### [WHAT IS BEING ASKED]
Before printing, remove every picture; then print the lines below exactly, from the first line through the line containing "Prague, Czechia - January".

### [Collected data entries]
-- -- --
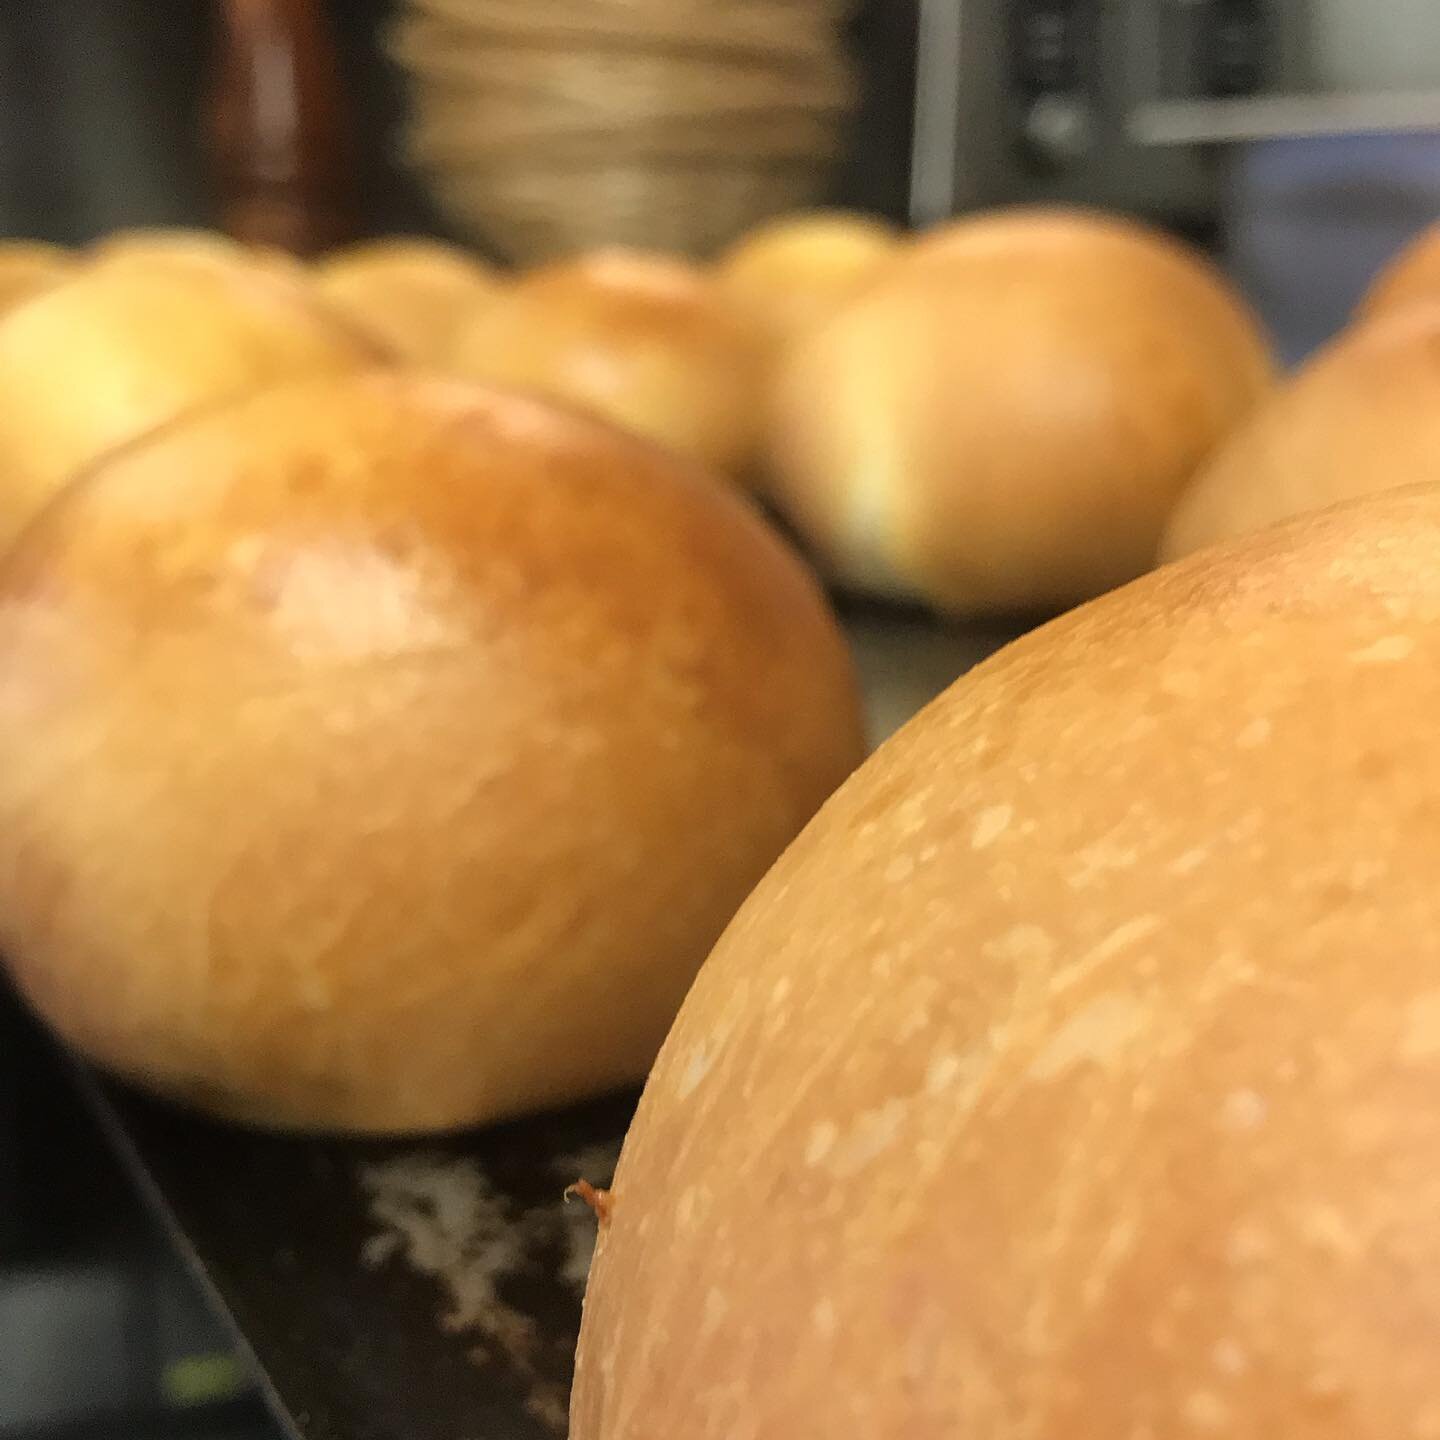 Brioche are out of the oven and ready for your royales, Benedicts and hunters breakfasts.
See you soon.
#mrsbs #breakfast
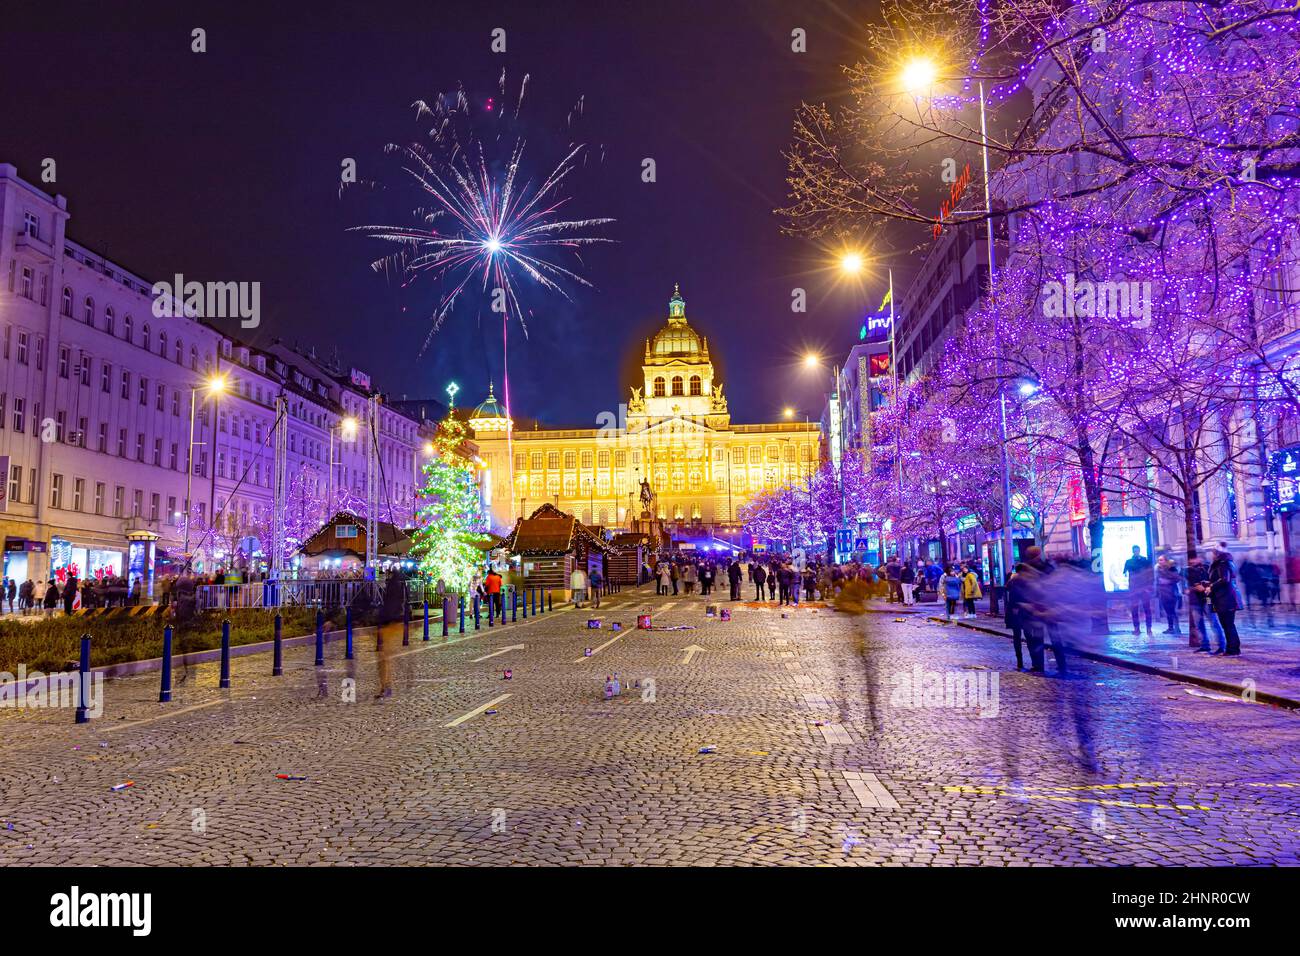 Prague, Czechia - January 1, 2010:  Large celebration of the New year 2019 on the main Prague square, the Wenceslas square. Hundreds of people were lunching fireworks and throwing firecrackers Stock Photo
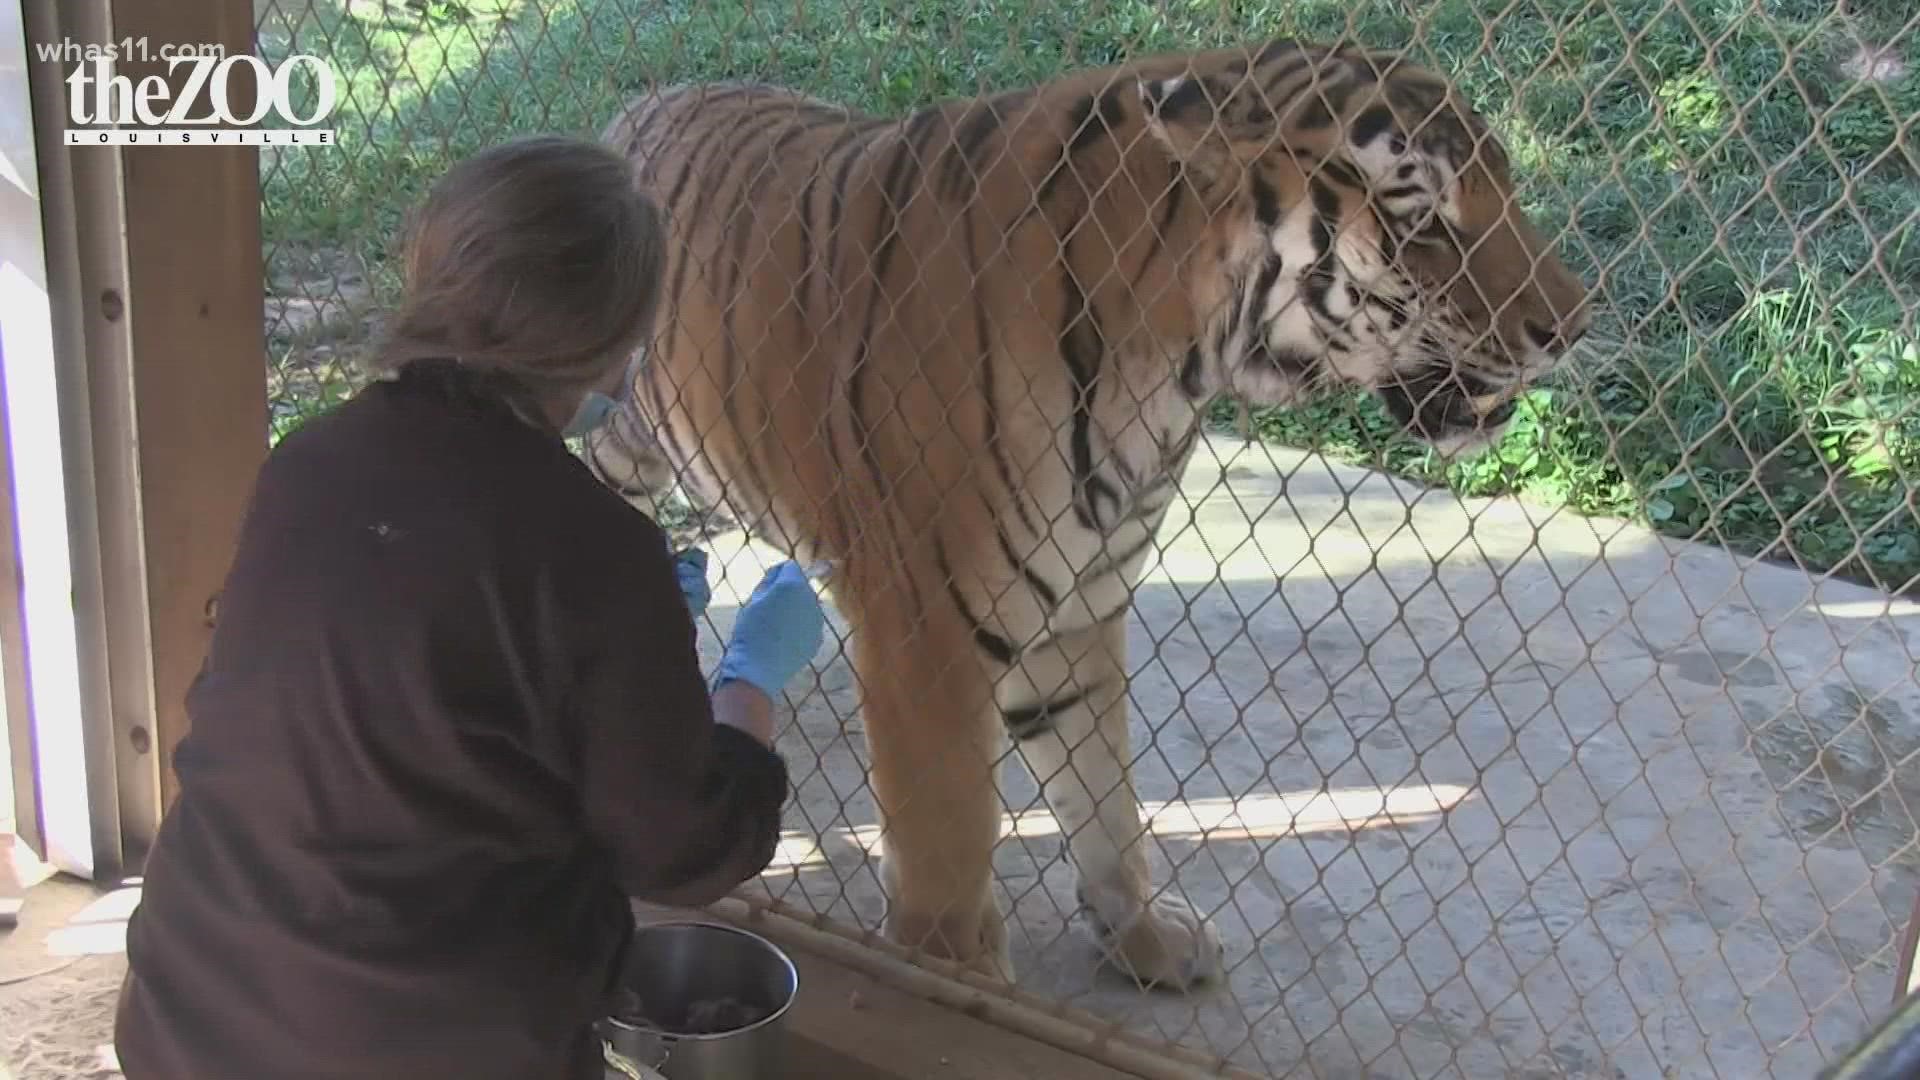 The donated Zoetis vaccine is a two-shot series, and the Louisville Zoo is one of 70 zoos to receive the vaccine.
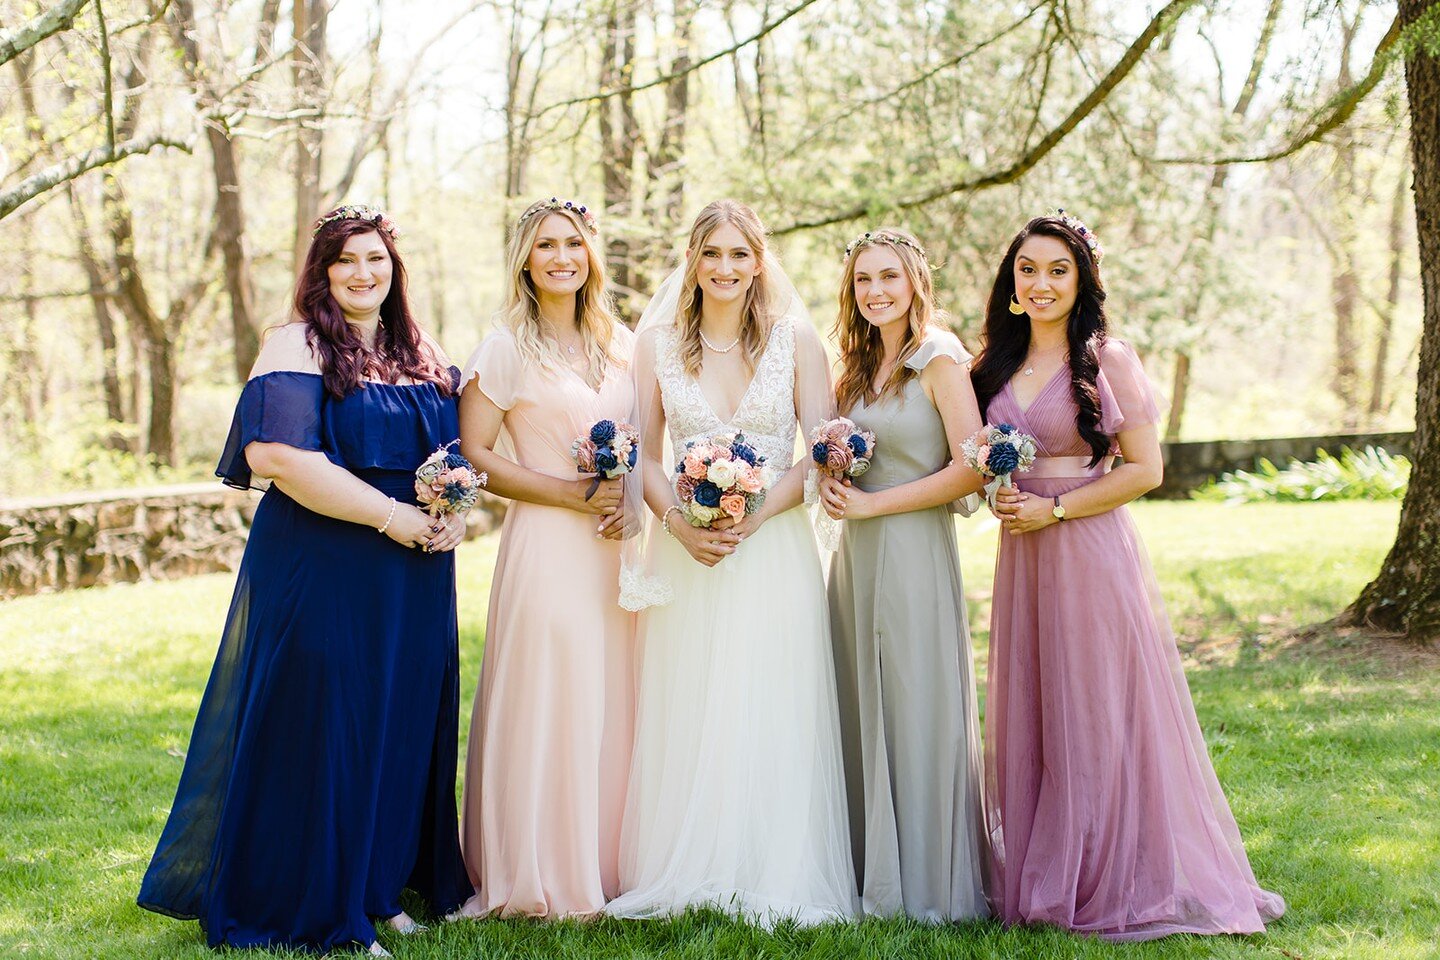 Janet and her beautiful bridal party | Love how they have different dresses yet everything comes together and looks goregous | Makeup by Sandra | #bridesmaidsinspiration 
Venue @rustmanorhouse 
Photo @meganreiphotography
-- -- --
### [ANSWER BOX]
 Brioche are out of the oven and ready for your royales, Benedicts and hunters breakfasts.
See you soon.
#mrsbs #breakfast
 Prague, Czechia - January 1, 2010:  Large celebration of the New year 2019 on the main Prague square, the Wenceslas square. Hundreds of people were lunching fireworks and throwing firecrackers Stock Photo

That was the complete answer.